Plans to reduce debt, cut costs and spin off assets will reduce its complexity and risk profile. ING will remain a top-tier financial-services company, and at 0.4 times tangible book value, it is compellingly cheap.
iShares Russell 2000 Growth Index Fund (IWO)
Peter Hodson, CEO, 5i Research and Editor, Canadian MoneySaver, Kitchener, Ontario
No one expects economic growth to accelerate or growth stocks to do well. But growth stocks are incredibly cheap, have huge beta in a rising market, and it would take only the slightest bit of good economic news to send them on a tear. If the market does well, this ETF could easily rise 30% or more.
The rest of the world is buying all bonds, all the time, and there may be a bubble. Management fees are low.
Magna International (Toronto: MG)
Gail Bebee, author of No Hype—The Straight Goods on Investing Your Money, Toronto
The supplier of auto parts has the capability to expand where markets are growing. The stock price is cheap relative to earnings and book value. The company no longer has the overhang of dual-class shares.
It has a decent dividend, low payout ratio, manageable debt and lots of cash. Sales and earnings per share are rising. Any positive earnings surprises should be well rewarded.
MI Developments (Toronto: MIM)
Jim Huang, president and portfolio manager, T.I.P. Wealth Manager Inc., Toronto
The real estate investment trust and landlord of Magna International aims to become a diversified industrial REIT. It has an under-leveraged balance sheet and potential to raise its dividend payout, improve its property mix and enhance share value.
With a current yield around 6.6%, it certainly pays to wait for the strategy to be executed. I expect the stock to reach $45 to $50 in the next 12 months.
Poseidon Concepts (Toronto: PSN)
Sheryl Purdy, vice-president and investment advisor, Leede Financial Markets Inc., Calgary
I am most bullish on the maker of swimming-pool-sized portable storage tanks for the oil and gas industry because of the growth trajectory ahead.

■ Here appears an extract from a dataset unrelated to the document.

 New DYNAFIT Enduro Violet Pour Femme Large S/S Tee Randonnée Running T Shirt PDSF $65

One year ago, they had manufactured 25 units. They expect to enter 2012 with 240 units and a 90% utilization rate. The bonus is that they have begun to pay a monthly dividend, so this stock offers growth and yield.
Retrocom Mid-Market Real Estate Investment Trust (Toronto: RMM.UN)

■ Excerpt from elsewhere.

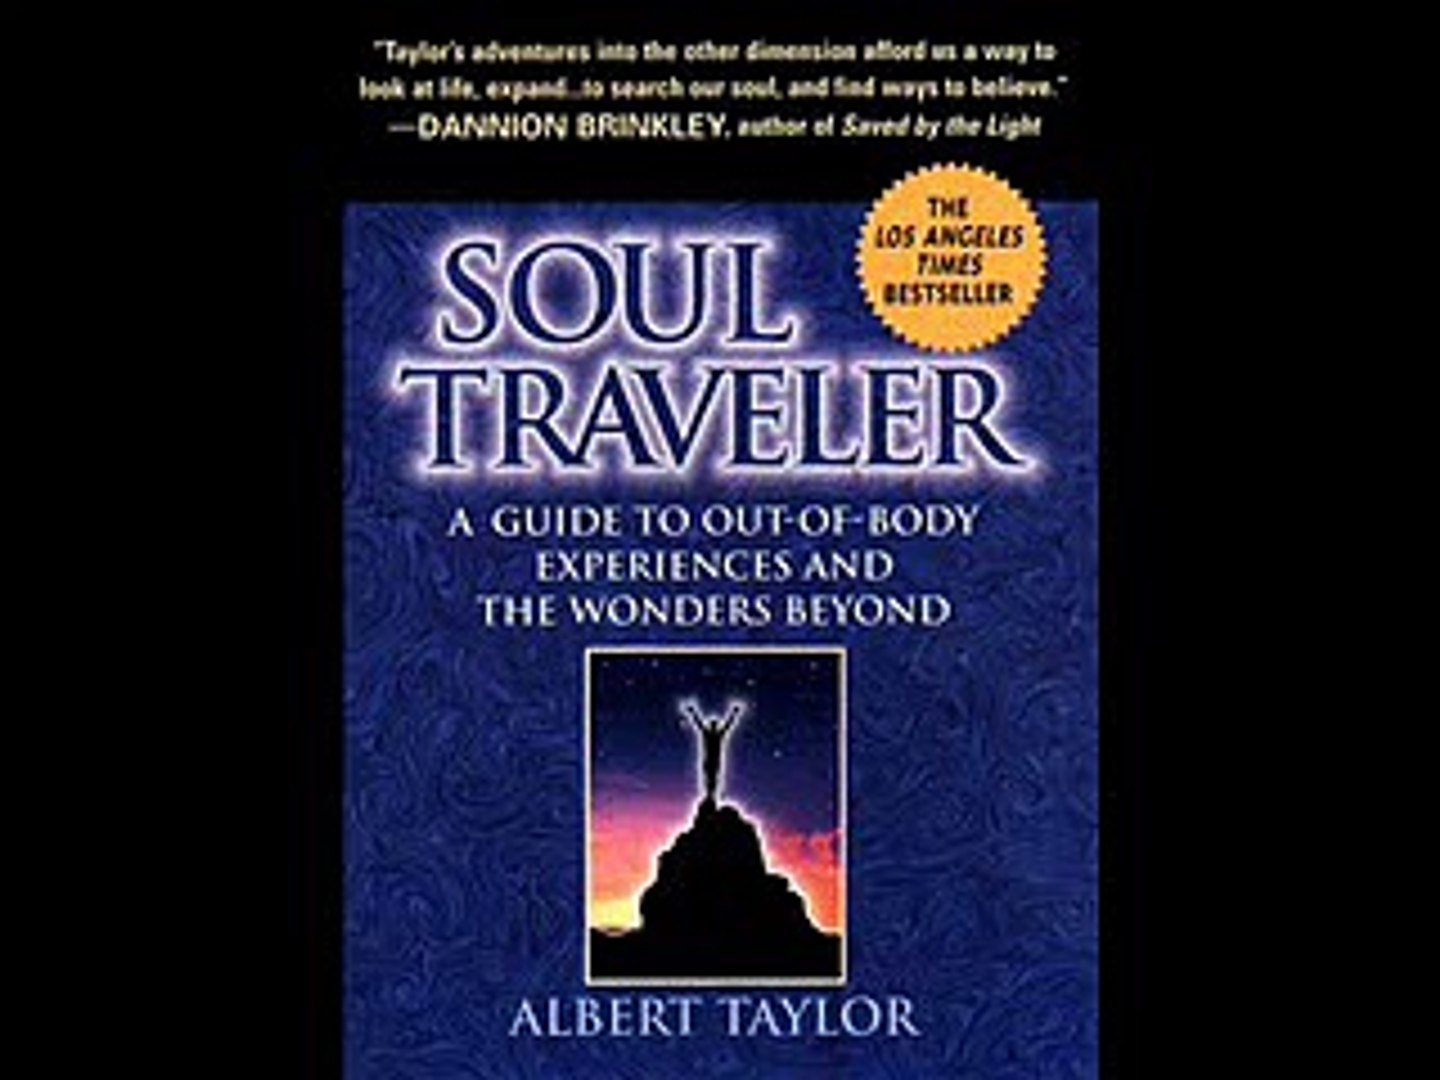 03 Albert Taylor Astral Travel (FAIR USE: Non-profit Educational)

Yarith Chhiv, portfolio manager, Palos Management Inc., Montreal
This open-ended real-estate-investment trust is an attractive, sustainable, high-yielding dividend stock.
As income-oriented investors hold the shares for the payout, they benefit from the REIT's growth prospects and important support from SmartCentres, a developer and operator of shopping plazas.
SPDR S&P Regional Banking ETF (KRE)
Philip Pearlman, executive editor, StockTwits, Montebello, New York
Many readers will think it's crazy to suggest a financial ETF. At some point, though, banks will outperform again, and often it is when a sector is so disliked that it finally bottoms out.
I like the regional banks ETF because many of the component companies are cleaner than the money-center banks. I want to buy KRE during periods of weakness and write covered calls against it into strength.
Research In Motion (RIMM)
Steven Palmer, president and CIO, AlphaNorth Asset Management, Toronto
Despite recent disappointments and earnings downgrades at the BlackBerry maker, the consensus earnings estimate for 2012 is $3 per share.
RIM's price-to-earnings multiple is among the lowest on the Toronto Stock Exchange. It has no debt and lots of cash. It is hard to imagine sentiment getting any more negative, and any glimmer of hope could result in significant stock gains.
Research In Motion (RIMM)
Malvin Spooner, president, Sienna Capital Management Inc., Toronto
My philosophy has always been: when everyone has sold a stock, the only thing that can happen next is someone buys it. What's the catalyst? I don't care!
The BlackBerry maker has lots of cash and receivables, so no wonder scavenger hedge funds have beaten down the stock and hope to get a massively successful business on the cheap.